Extracted data.
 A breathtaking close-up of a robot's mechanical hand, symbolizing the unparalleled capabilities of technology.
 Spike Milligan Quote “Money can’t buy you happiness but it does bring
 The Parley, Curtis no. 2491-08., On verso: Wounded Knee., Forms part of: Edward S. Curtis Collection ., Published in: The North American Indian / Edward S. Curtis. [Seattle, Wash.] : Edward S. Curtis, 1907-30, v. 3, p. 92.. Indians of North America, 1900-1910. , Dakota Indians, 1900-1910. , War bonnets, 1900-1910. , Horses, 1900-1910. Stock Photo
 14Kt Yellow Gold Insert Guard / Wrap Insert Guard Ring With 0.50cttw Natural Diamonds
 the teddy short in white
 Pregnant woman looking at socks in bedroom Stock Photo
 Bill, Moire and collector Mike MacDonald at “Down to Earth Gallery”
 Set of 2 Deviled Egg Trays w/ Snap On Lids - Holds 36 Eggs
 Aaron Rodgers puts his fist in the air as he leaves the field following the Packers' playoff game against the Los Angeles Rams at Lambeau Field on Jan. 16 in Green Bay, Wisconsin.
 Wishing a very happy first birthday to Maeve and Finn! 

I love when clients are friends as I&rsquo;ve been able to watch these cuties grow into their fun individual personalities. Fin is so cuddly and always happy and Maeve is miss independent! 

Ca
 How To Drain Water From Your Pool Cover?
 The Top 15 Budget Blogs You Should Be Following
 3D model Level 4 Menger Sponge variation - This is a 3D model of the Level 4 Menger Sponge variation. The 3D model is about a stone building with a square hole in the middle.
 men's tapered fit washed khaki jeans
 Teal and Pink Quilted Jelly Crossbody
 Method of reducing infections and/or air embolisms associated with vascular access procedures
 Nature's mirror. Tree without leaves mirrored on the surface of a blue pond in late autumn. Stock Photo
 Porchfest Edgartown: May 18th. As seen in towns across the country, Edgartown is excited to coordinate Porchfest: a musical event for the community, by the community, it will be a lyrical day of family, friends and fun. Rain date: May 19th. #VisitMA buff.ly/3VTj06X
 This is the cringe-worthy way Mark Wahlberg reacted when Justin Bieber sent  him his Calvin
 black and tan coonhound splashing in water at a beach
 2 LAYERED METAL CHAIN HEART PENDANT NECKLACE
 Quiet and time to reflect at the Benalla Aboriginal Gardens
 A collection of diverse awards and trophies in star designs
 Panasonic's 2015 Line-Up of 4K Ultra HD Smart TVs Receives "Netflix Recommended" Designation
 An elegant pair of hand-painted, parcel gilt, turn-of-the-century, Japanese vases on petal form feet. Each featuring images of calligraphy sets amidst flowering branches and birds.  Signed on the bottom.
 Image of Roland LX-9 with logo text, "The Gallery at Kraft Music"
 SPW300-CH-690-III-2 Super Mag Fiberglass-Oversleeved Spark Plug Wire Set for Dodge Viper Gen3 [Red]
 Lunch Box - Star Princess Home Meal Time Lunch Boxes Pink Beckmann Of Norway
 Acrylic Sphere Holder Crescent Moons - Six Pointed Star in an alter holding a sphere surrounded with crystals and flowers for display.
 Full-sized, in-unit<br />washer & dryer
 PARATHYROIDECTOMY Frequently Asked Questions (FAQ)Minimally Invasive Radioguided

Work item.
Please copy, exactly as written, every line in the listing above from the line with "Pregnant woman looking" up to and including the line with "Wishing a very".

Task solution.
 Pregnant woman looking at socks in bedroom Stock Photo
 Bill, Moire and collector Mike MacDonald at “Down to Earth Gallery”
 Set of 2 Deviled Egg Trays w/ Snap On Lids - Holds 36 Eggs
 Aaron Rodgers puts his fist in the air as he leaves the field following the Packers' playoff game against the Los Angeles Rams at Lambeau Field on Jan. 16 in Green Bay, Wisconsin.
 Wishing a very happy first birthday to Maeve and Finn! 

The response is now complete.